We should talk about how the economy was doing before the tariffs went into effect. That dip in consumer confidence predated the latest tariff announcement. The actions of DOGE — firing and unfiring people, slashing social services, freezing previously-agreed-on grants, and generally running amok in the government — already shook consumers. Consumers expectations for the future were the lowest they have been in a decade. People were nervous about their job and this leads people to cut spending.

The reason behind these tariffs is to get trade deficits to zero, but it makes no sense. A trade deficit essentially means that the US is receiving many goods and services from a country in exchange for pieces of paper, and they are receiving fewer goods and services (and thus giving us less paper), Wolfers says. Who cares? Economics is not a zero sum game. Many of our wonderful and talented subscribers pay $7 a month for our fine text products, which is not enough for us to keep buying things from them.
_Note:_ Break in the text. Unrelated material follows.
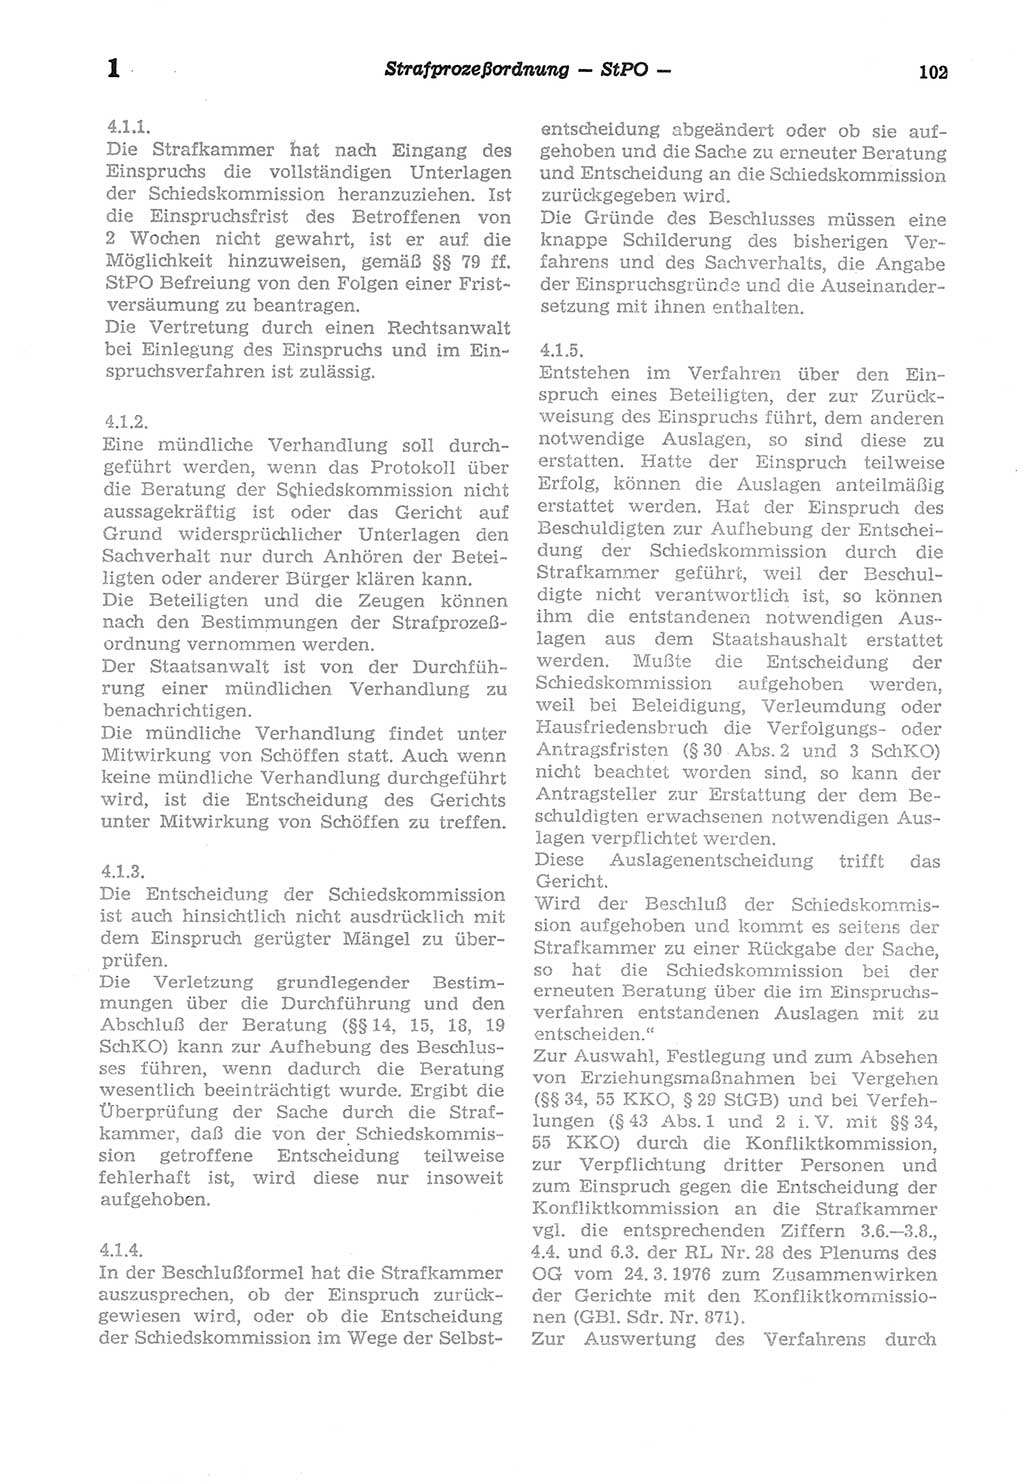 Strafprozeßordnung (StPO) der Deutschen Demokratischen Republik (DDR) sowie angrenzende Gesetze und Bestimmungen 1977, Seite 102 (StPO DDR Ges. Best. 1977, S. 102)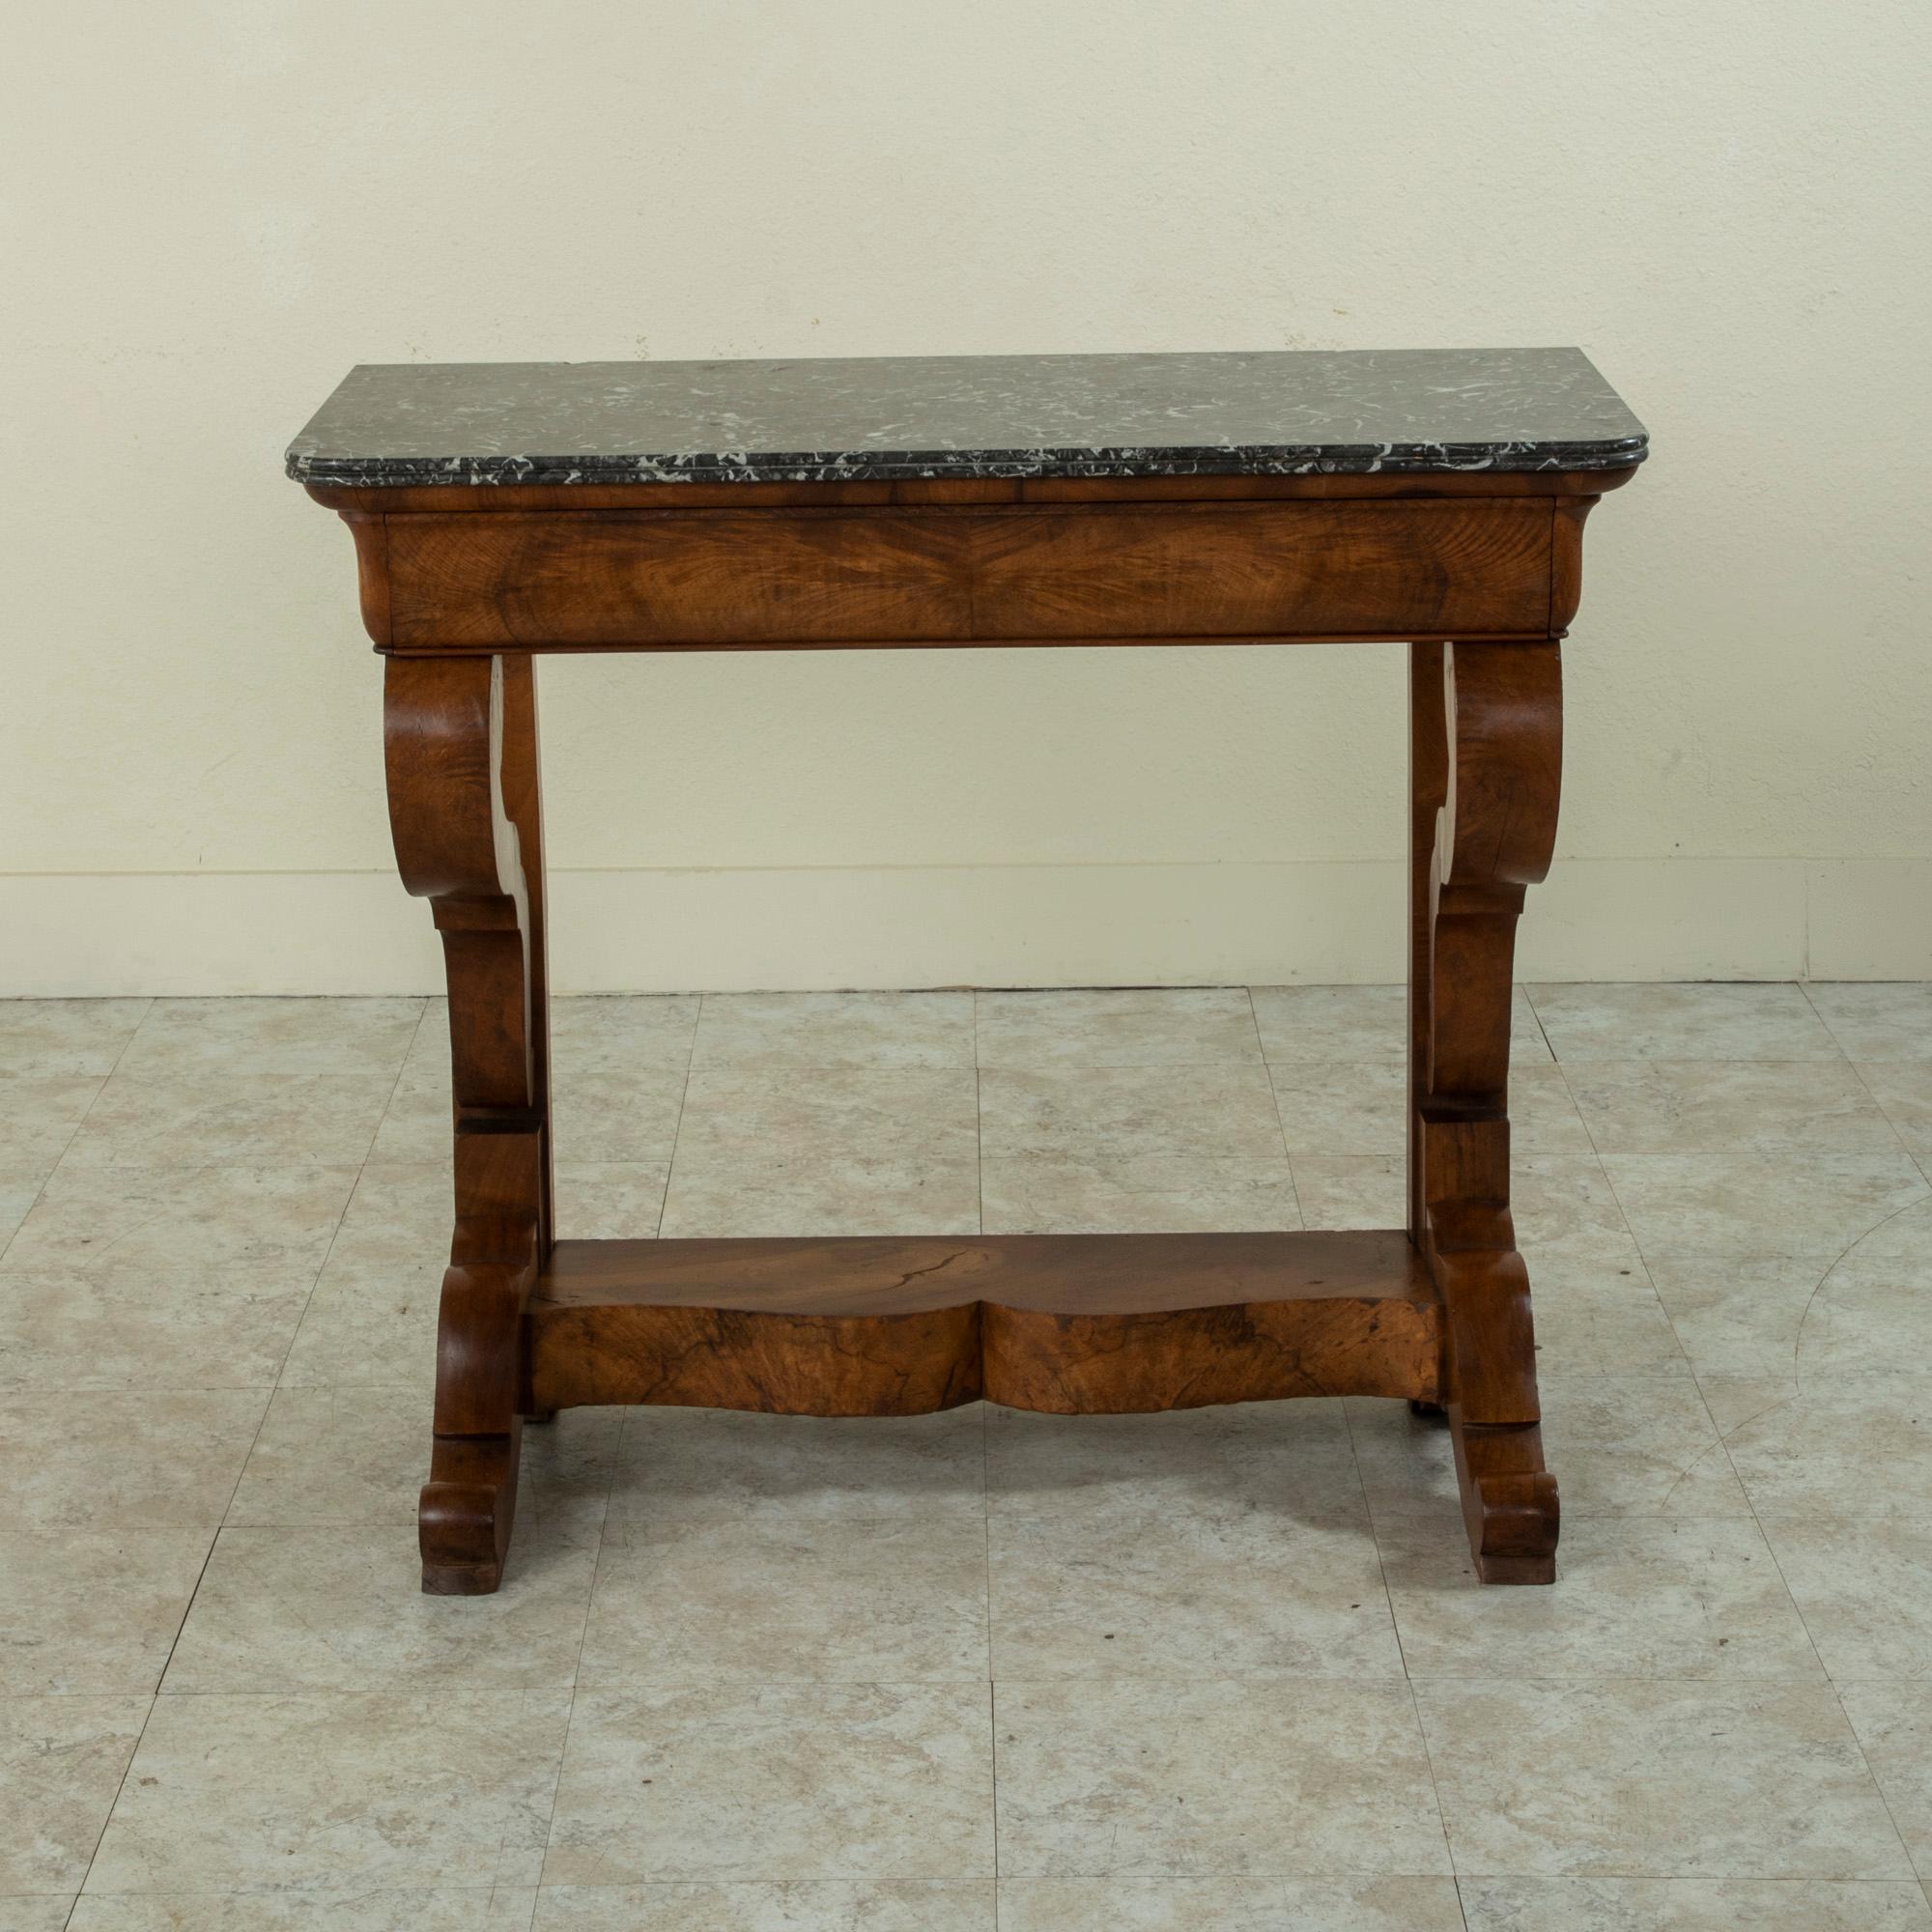 Cette table console de la période de la restauration française du début du XIXe siècle est construite en ronce de noyer et est dotée d'un plateau en marbre Saint Anne biseauté. Un seul tiroir forme parfaitement l'avant du tablier supérieur. Deux

The goal of Trump is to bring manufacturing back to the us, but it won’t happen. That requires a less uncertain environment so companies will invest in building here, for one thing. It also requires a workforce — and it’s unclear why Americans would choose to work in manufacturing jobs as long as they have other options.

Source: We just declared a trade war with the world

Taxes that don’t induce corruption? The case for Colombia, Canada, Mexico and the other countries in the wake of Trump’s victory

Those deals are meant to make people so beholden to you that they can’t do anything else. “I’m torn on whether this is just not well-thought out, or whether the uncertainty is part of the design.”

What might one have to do in order to get such an exemption? Well, Colombia, Canada and Mexico provide examples: make a silly concession that lets Trump declare victory while changing nothing of note. After all, Trump is addled by television to a degree that as long as something sounds good on Fox News, it’s a win for him.

There is a set of global applied tariffs that they don’t understand. sane economist would not endorse this The TRUMP administration has decided to impose a bunch of taxes that will encourage blatant corruption and fail to encourage American manufacturing growth, leaving people and companies poorer. That is assuming that taxes don’t come into play.